From the aggressive displays of outsider status flouted by punks to the bewigged respectability of the judge’s bench, curator Ken Hall takes his exhibition Bad Hair Day as a starting point for a serious look at the use of hair as a cultural signifier. And senior curator Lara Strongman talks to Ronnie van Hout, the most recent artist to be installed on the exterior of our building – quite literally, as van Hout’s work is a strange large-scale conflation of his hand and face that glowers out across the north-west of the city from our rooftop. He talks about growing up in the Christchurch suburb of Aranui, and of his fascination with open skies and aliens.
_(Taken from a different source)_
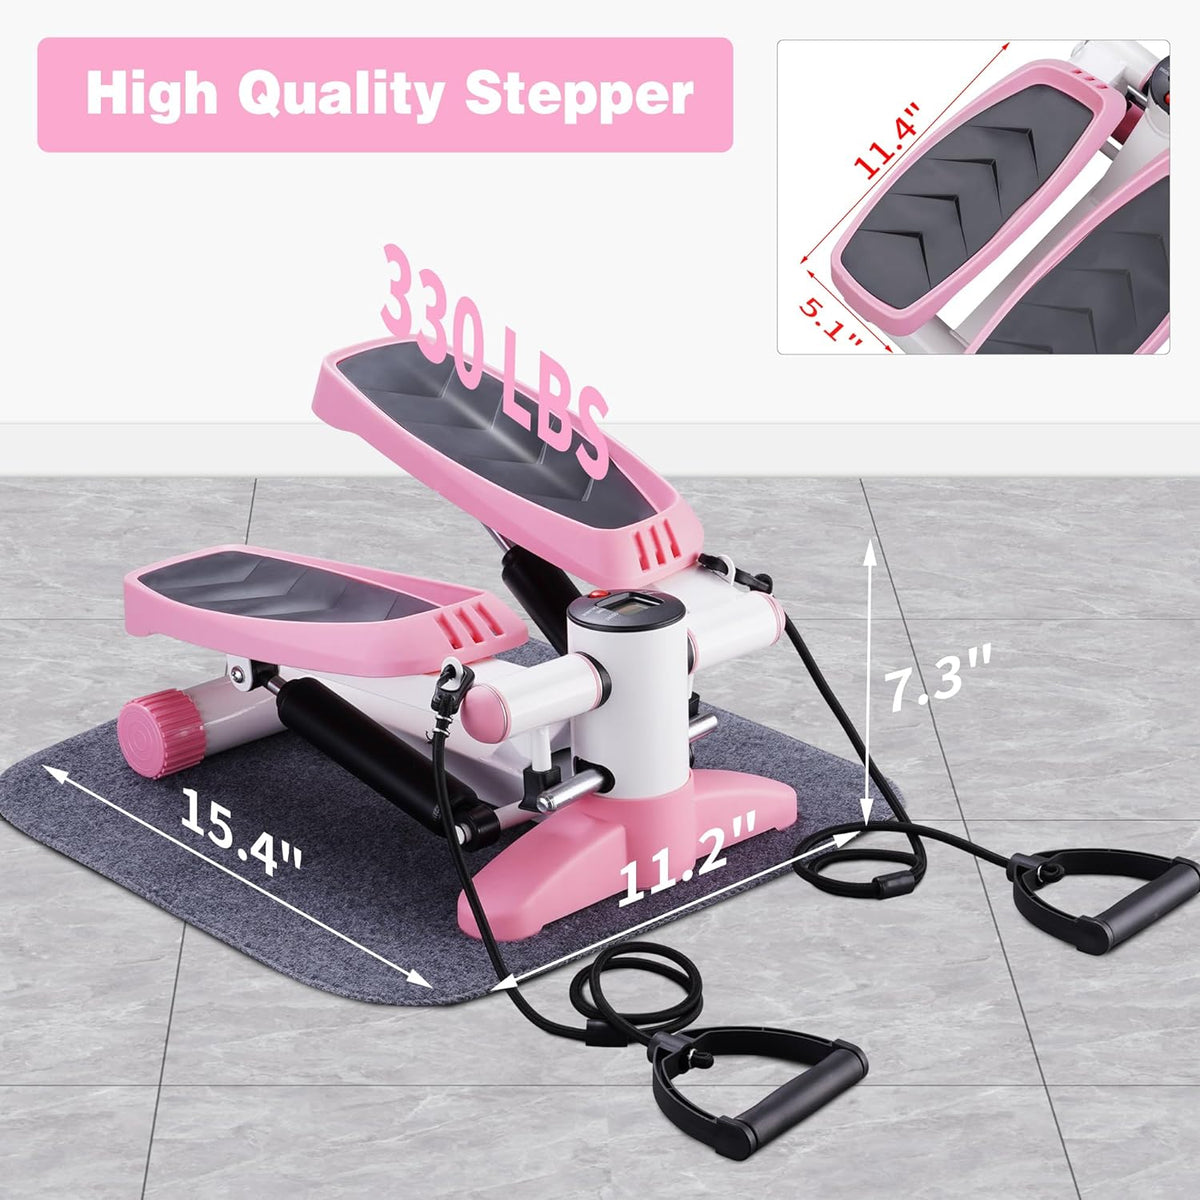 ZENOVA Mini Stepper Steppers for Exercise,  Exercise Equipment with Resistance Bands, Stair Stepper with 330lbs Weight Capacity for Home Workouts

Assistant curator Nathan Pohio looks at Fiona Pardington’s early photograph Moko, and finds it at the start of the artist’s exploration into her Kāi Tahu heritage. We’re pleased to be able to republish Tusiata Avia’s ‘St Paul’s Trinity Pacific Island Church’, a poem which mourns the loss of a piece of local heritage. And Alice Barclay, a University of Canterbury student who recently completed a project on our Barry Cleavin archive, writes on the sometimes disquieting experience of digging around in the private thoughts of an artist.

As always, our quarterly Bulletin is a great source of institutional pride. Through this vehicle, we celebrate our supporters and TOGETHER partners; we enhance and explore what we collect, show, do and think in and around the Gallery. Through Bulletin we communicate the roles of an art gallery with responsibility for a major metropolitan collection in New Zealand. It makes our work available to a wider world, reaching beyond our local visitors and enhancing our reputation as explorers and collaborators. Like Fiona Pardington and Billy Apple, we are presenters of ideas and images that matter.